A Daemon Card is a single JSON file describing one persona — its intent, personality, history, strengths, weaknesses, voice, vocabulary, catchphrases, forbidden topics, and a bank of voiced sample lines. v0.2.0-alpha cards also carry a one-line activation phrase that summons the persona in any LLM chat.
It is designed to be portable across mediums. Drop a card into a video game and let the in-engine narrative system consume it. Drop it into a website and let the site speak in that persona's voice. Click Copy Summon Phrase on any card below and paste it into any LLM chat (ChatGPT, Claude, Gemini, Grok, local models) — the persona is summoned. Embed the capsule on a social post, a portfolio, a Steam page.

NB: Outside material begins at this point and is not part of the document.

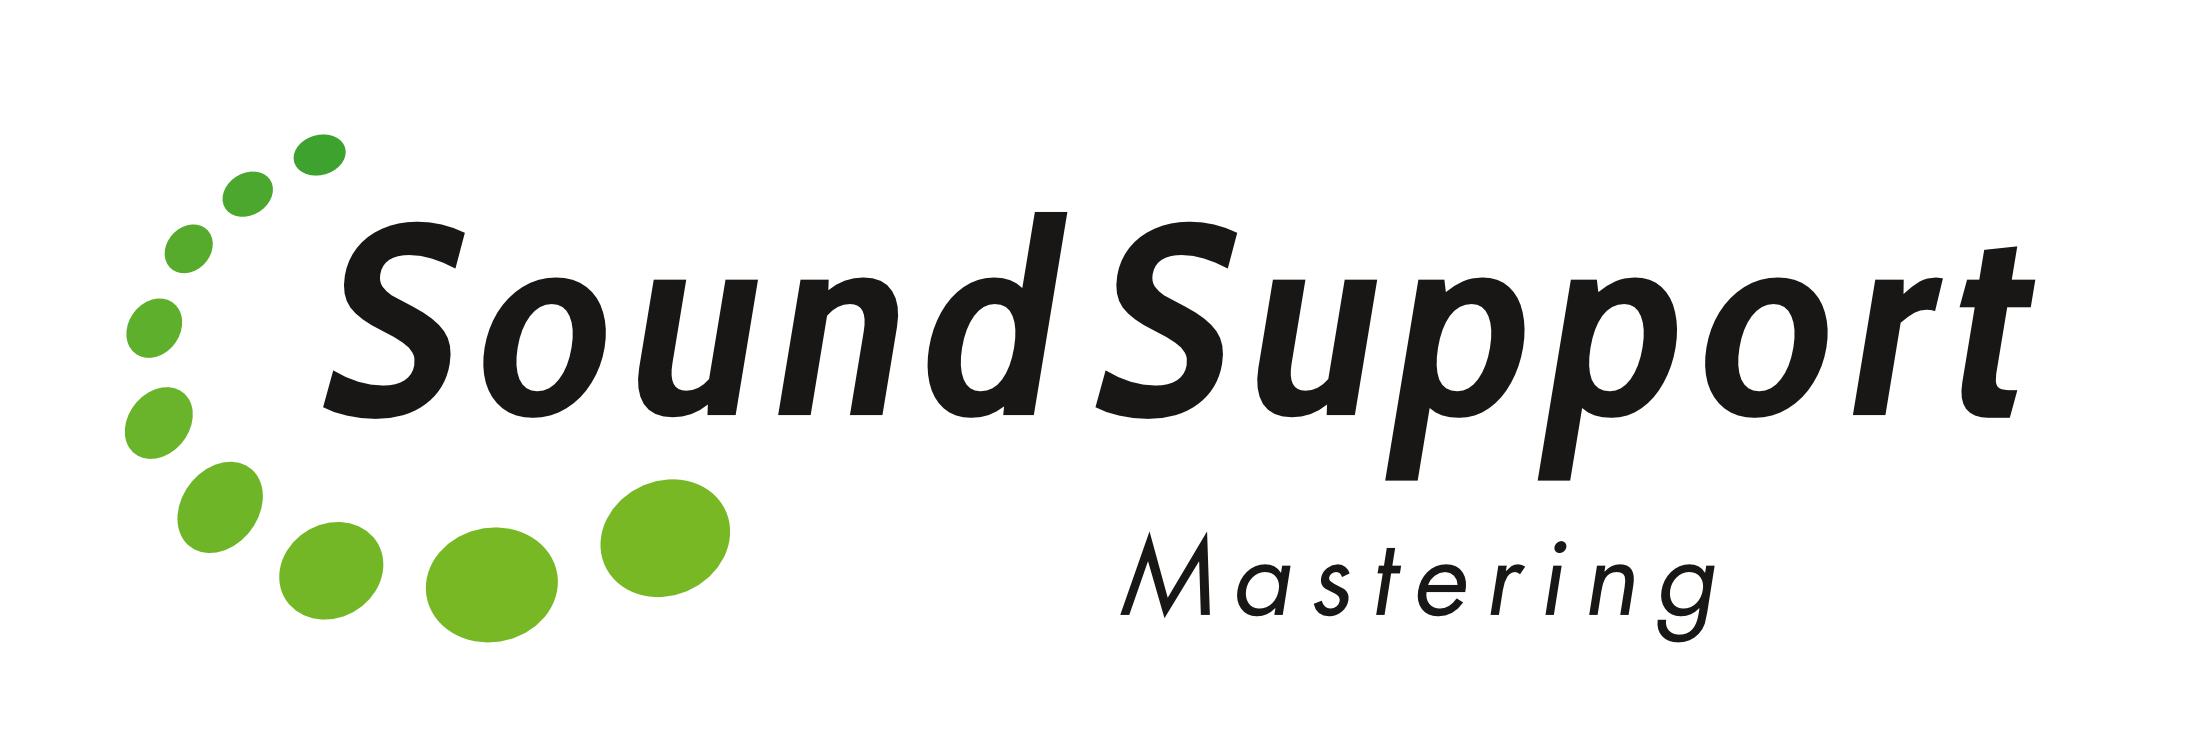 Soundsupport Mastering

Daemons are persona-first. They do not contain plots. They contain identities. The story emerges as the persona responds. This is the architectural opposite of plot-first AI writing tools. The persona is the artifact.
The format is alpha. Cards published under v0.1.0-alpha remain valid forever (this runtime accepts both v0.1.x-alpha and v0.2.x-alpha). Persona revisions ship as new card files; old versions stay live at <id>@<version>.daemon.json.

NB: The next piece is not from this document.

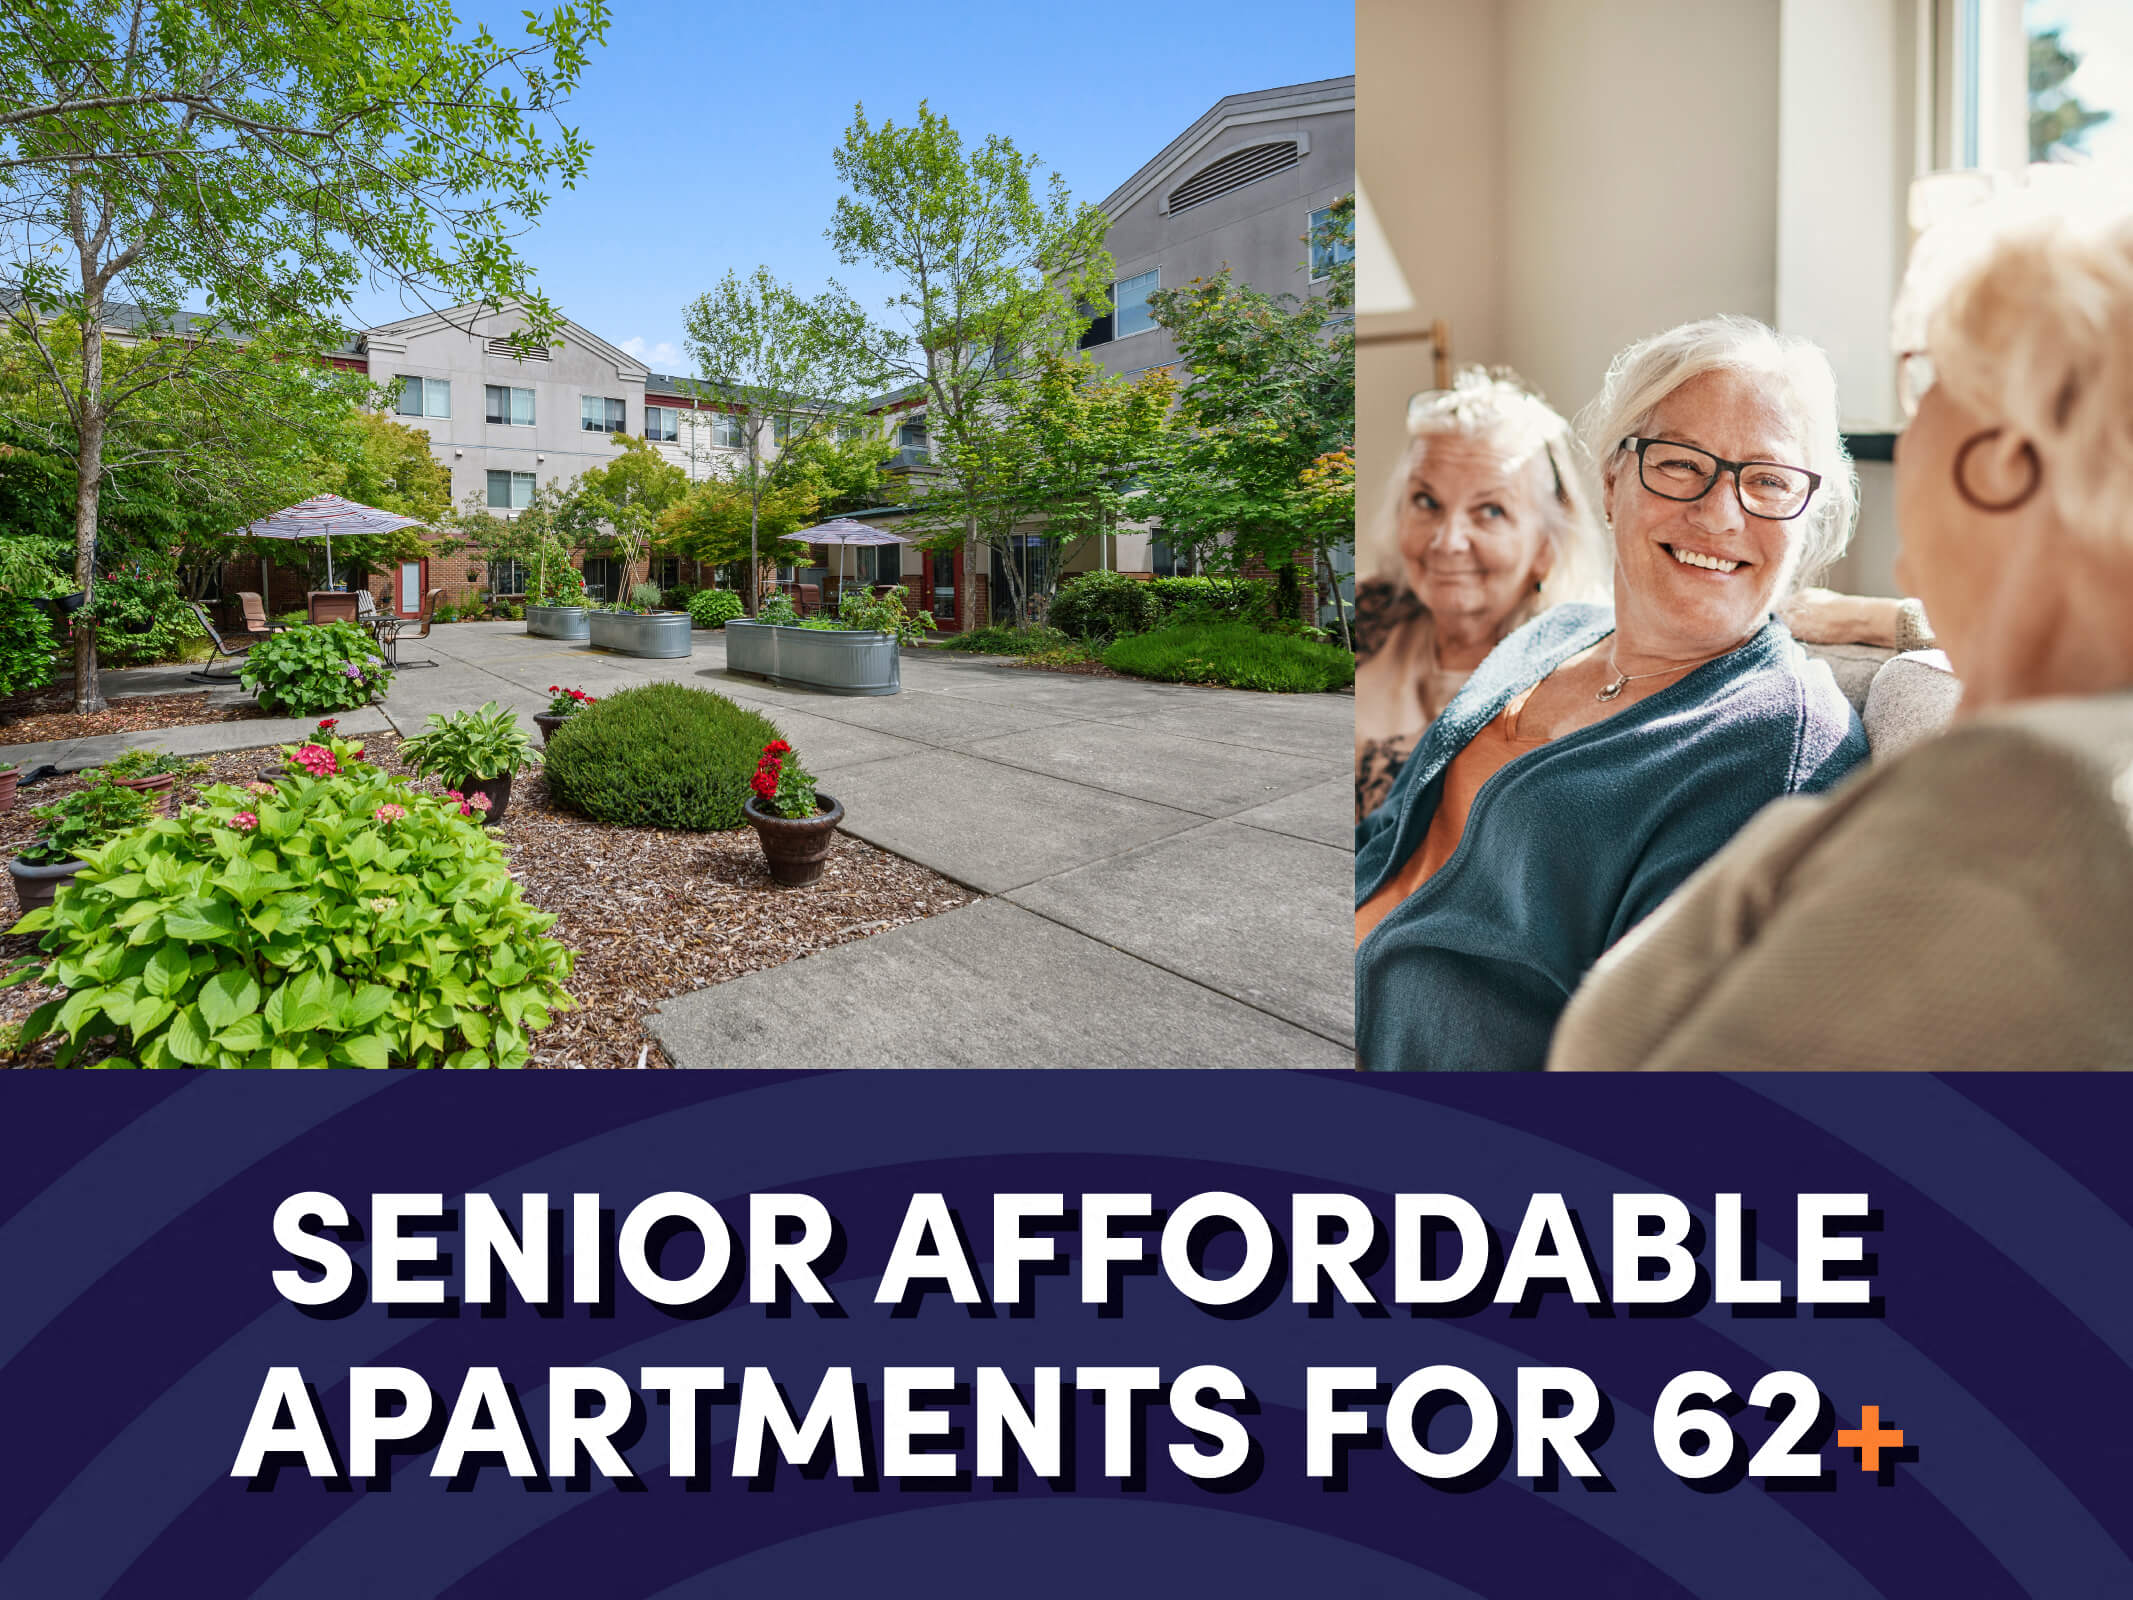 a landscaped courtyard next to three seniors sitting side by side above text that reads “Senior Affordable Apartments for 62+” for the Woodrose Senior Affordable Apartments in Bellingham, Washington.

Open any card. Click ChatGPT / Claude / Gemini / Grok / Perplexity / Le Chat. The site copies the summon phrase and opens the platform in a new tab. Paste with Ctrl+V, hit Enter, and the persona summons in character. We don't host anything — you bring your own compute.
Click SillyTavern on any card. The site generates a PNG with the SillyTavern V2 character data embedded in the file's metadata (tEXt chunk under the chara key, base64-encoded JSON, per the published spec). Drag the .card.png into SillyTavern — the persona imports automatically with full system prompt, opening message, alternate greetings, and tags.
Click Use Locally. The cheat-sheet modal explains how to drop the system prompt into LM Studio, Ollama (with a Modelfile), llama.cpp, or any OpenAI-compatible local server. One-button copy buttons for the prompt and summon phrase.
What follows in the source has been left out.